**Task**
Please output the data exactly, minus pictures.

Saved data entries:
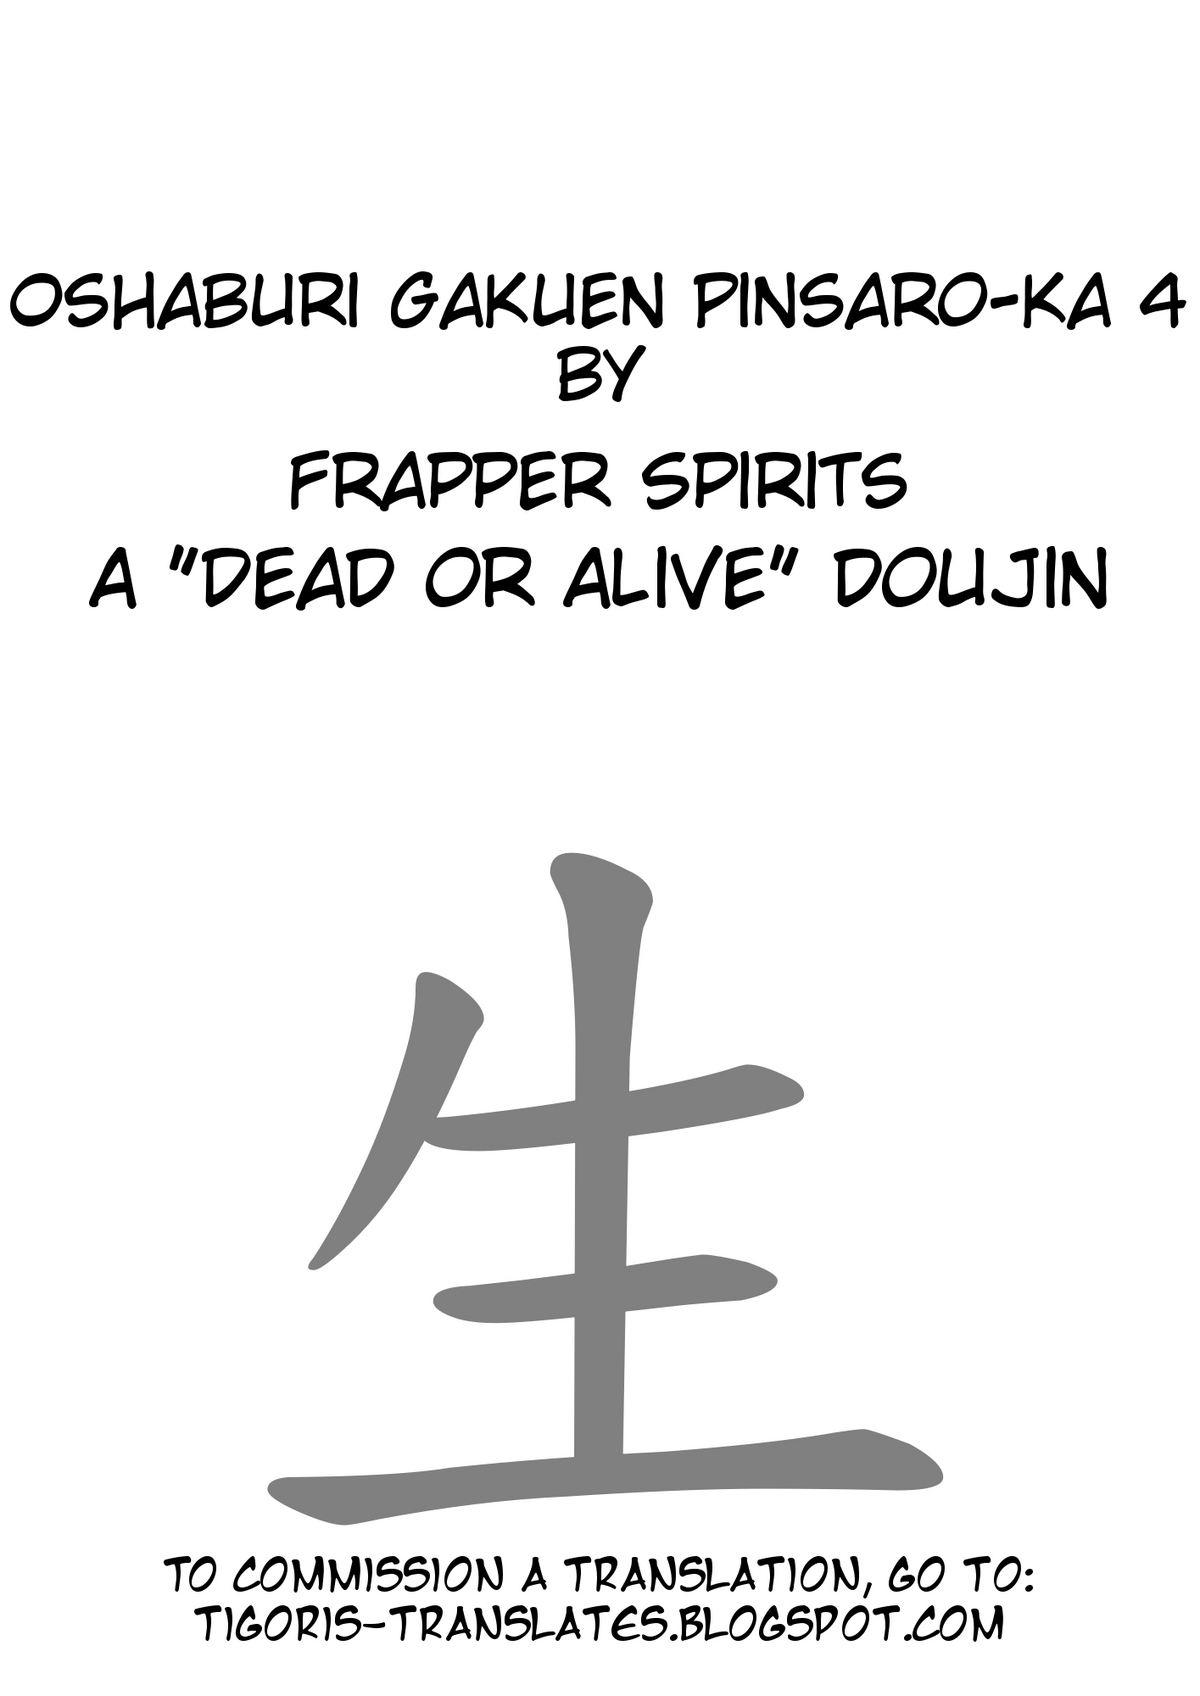 Adult Oshaburi Gakuen PinSalo-ka 4 - Dead or alive Tattoos - Page 2
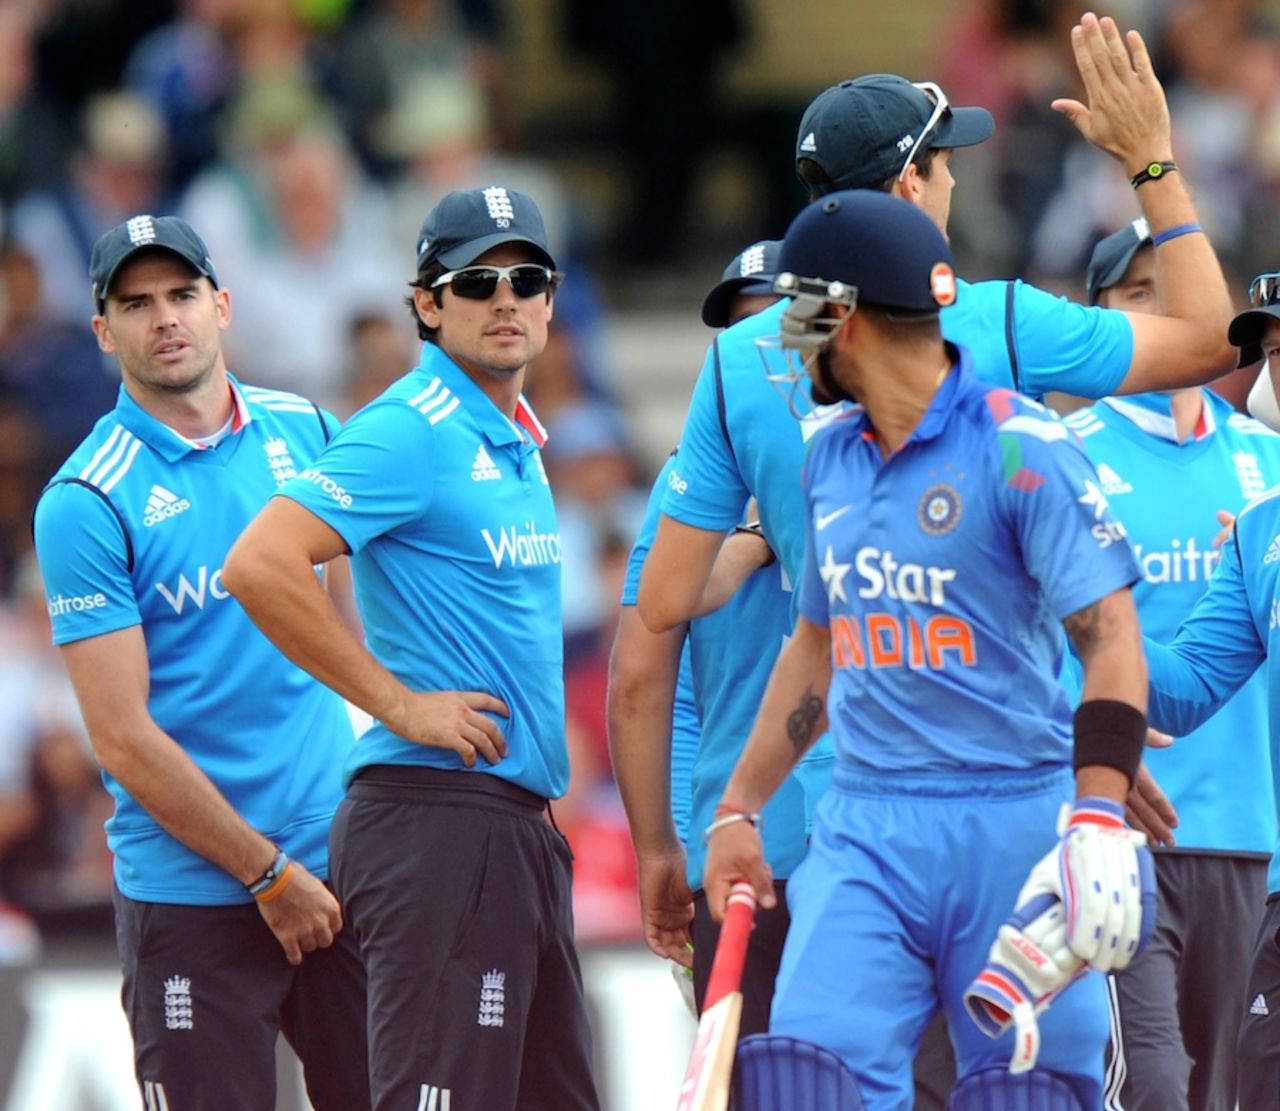 A few heated words were exchanged as Virat Kohli left the field, England v India, 3rd ODI, Trent Bridge, August 30, 2014
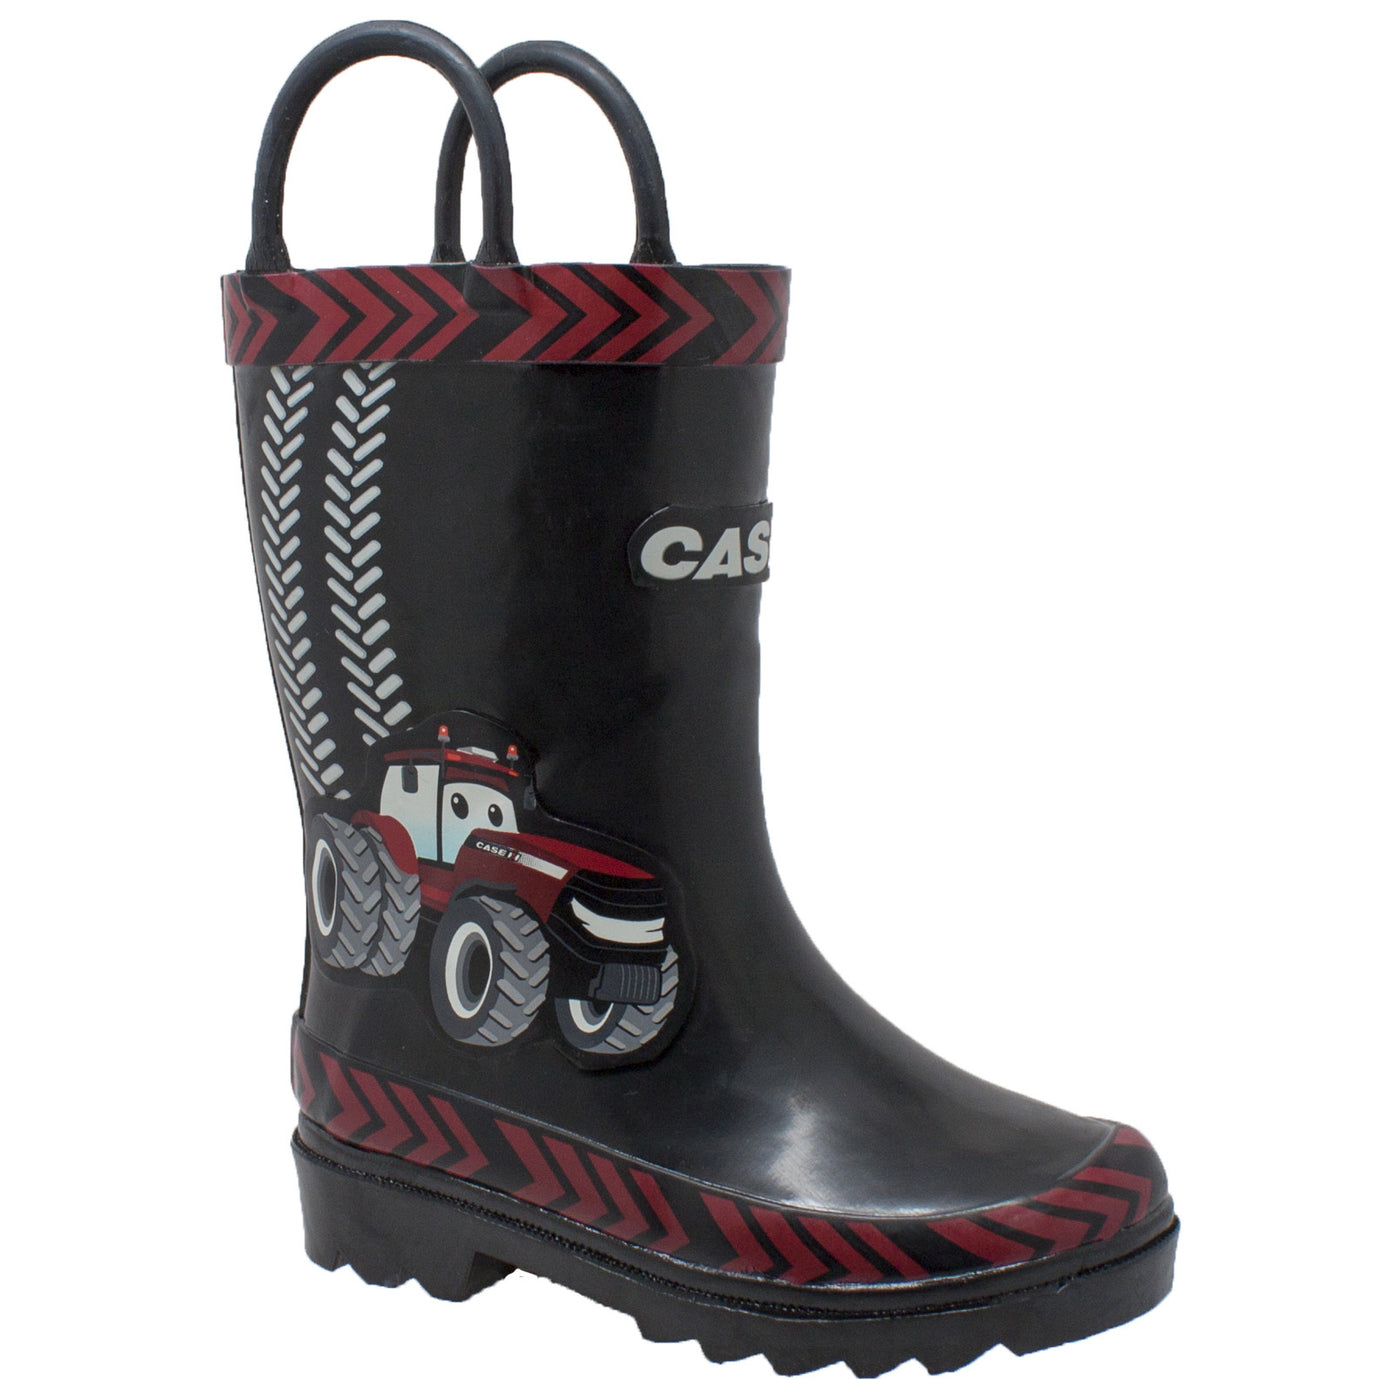 Toddler's 3D "Big Red" Rubber Boot Black - CI-5003 - Shop Genuine Leather men & women's boots online | AdTecFootWear
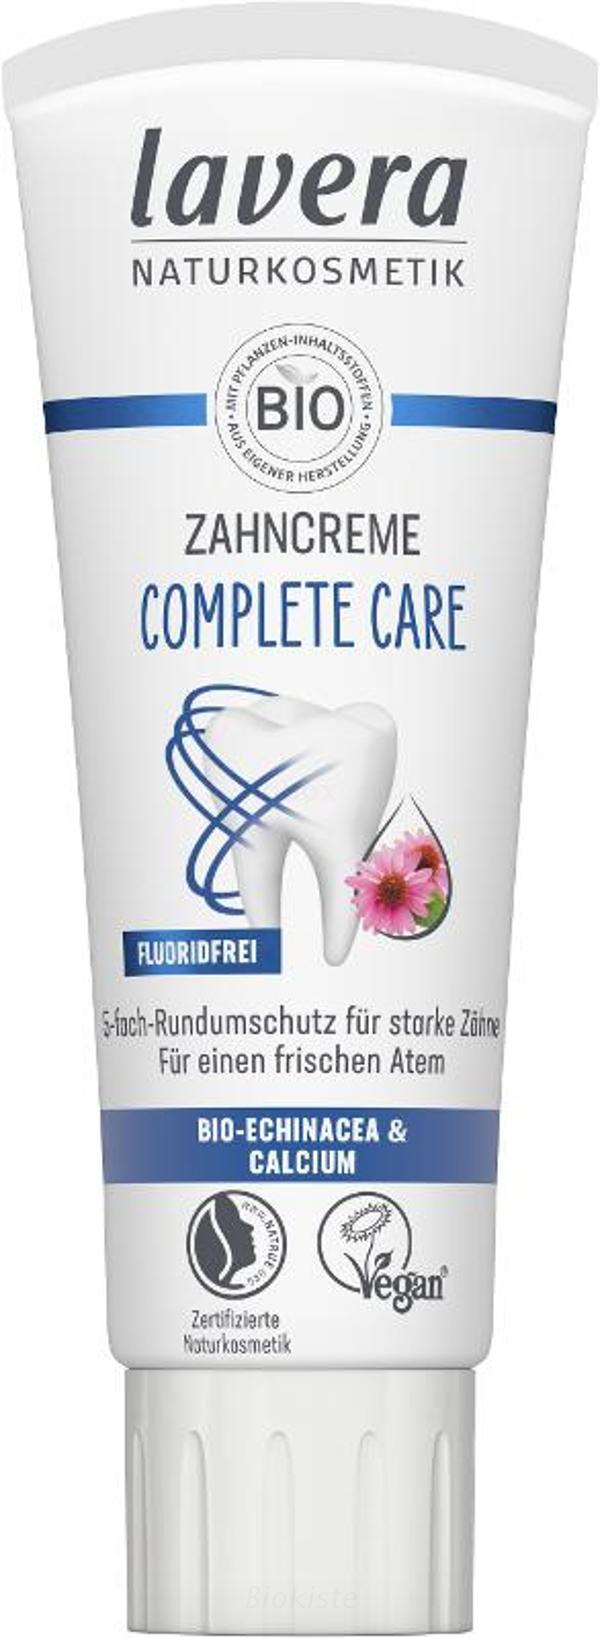 Produktfoto zu Zahncreme Complete Care ohne
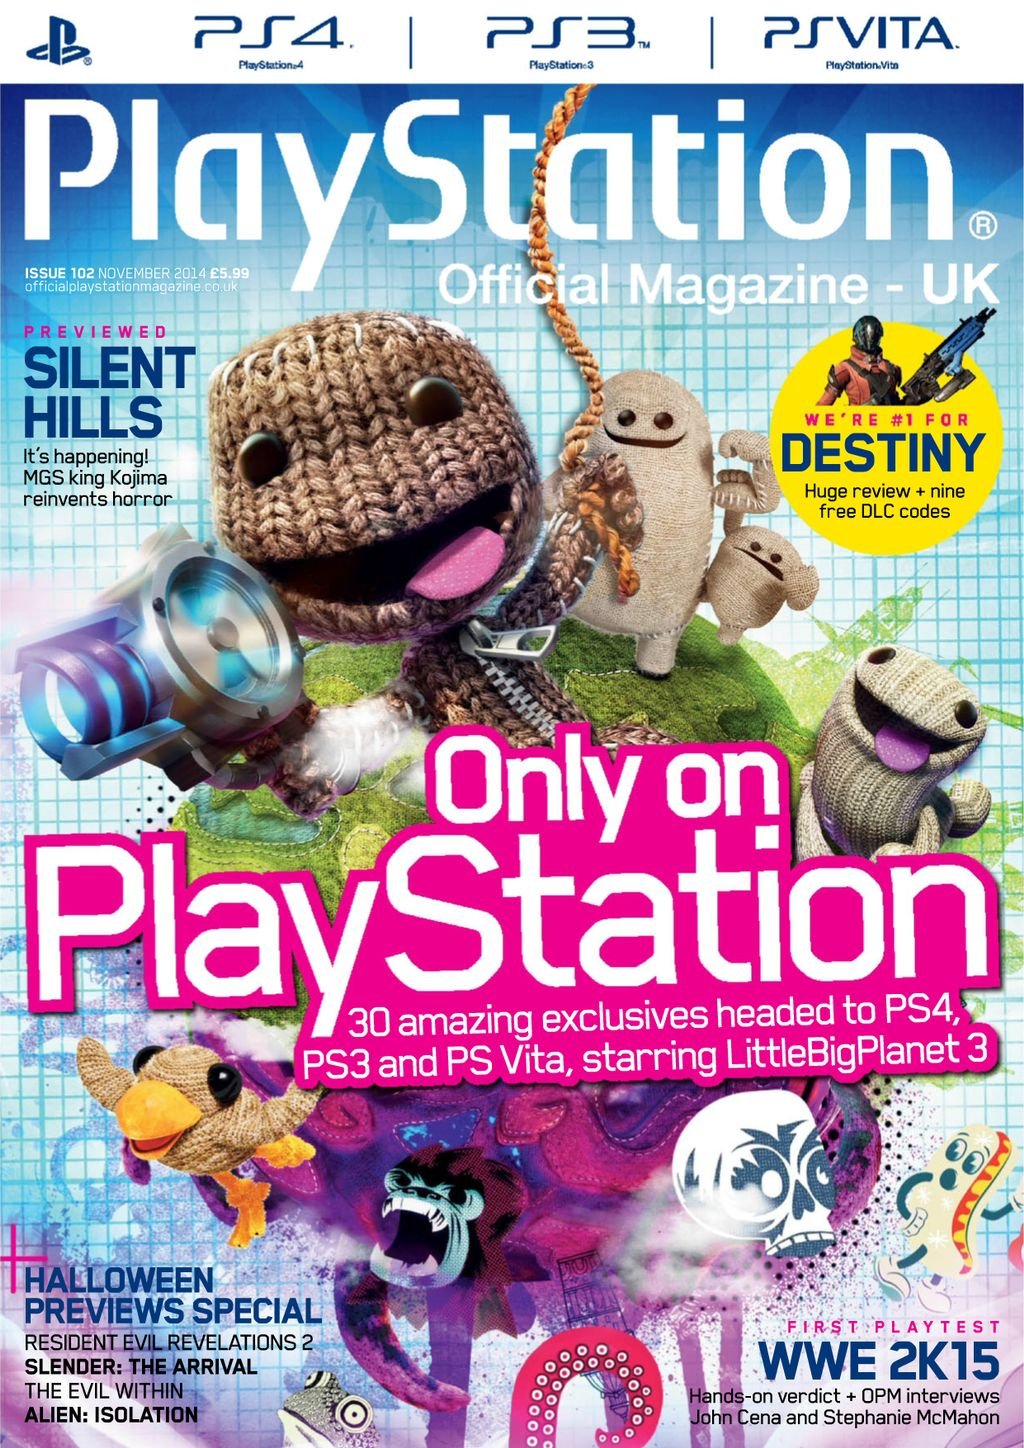 Playstation Official Magazine UK 102 (November 2014)

**Answer section**
 Adult Oshaburi Gakuen PinSalo-ka 4 - Dead or alive Tattoos - Page 2
 A few heated words were exchanged as Virat Kohli left the field, England v India, 3rd ODI, Trent Bridge, August 30, 2014
 Toddler's 3D "Big Red" Rubber Boot Black - CI-5003 - Shop Genuine Leather men & women's boots online | AdTecFootWear
 Produktfoto zu Zahncreme Complete Care ohne
 Playstation Official Magazine UK 102 (November 2014)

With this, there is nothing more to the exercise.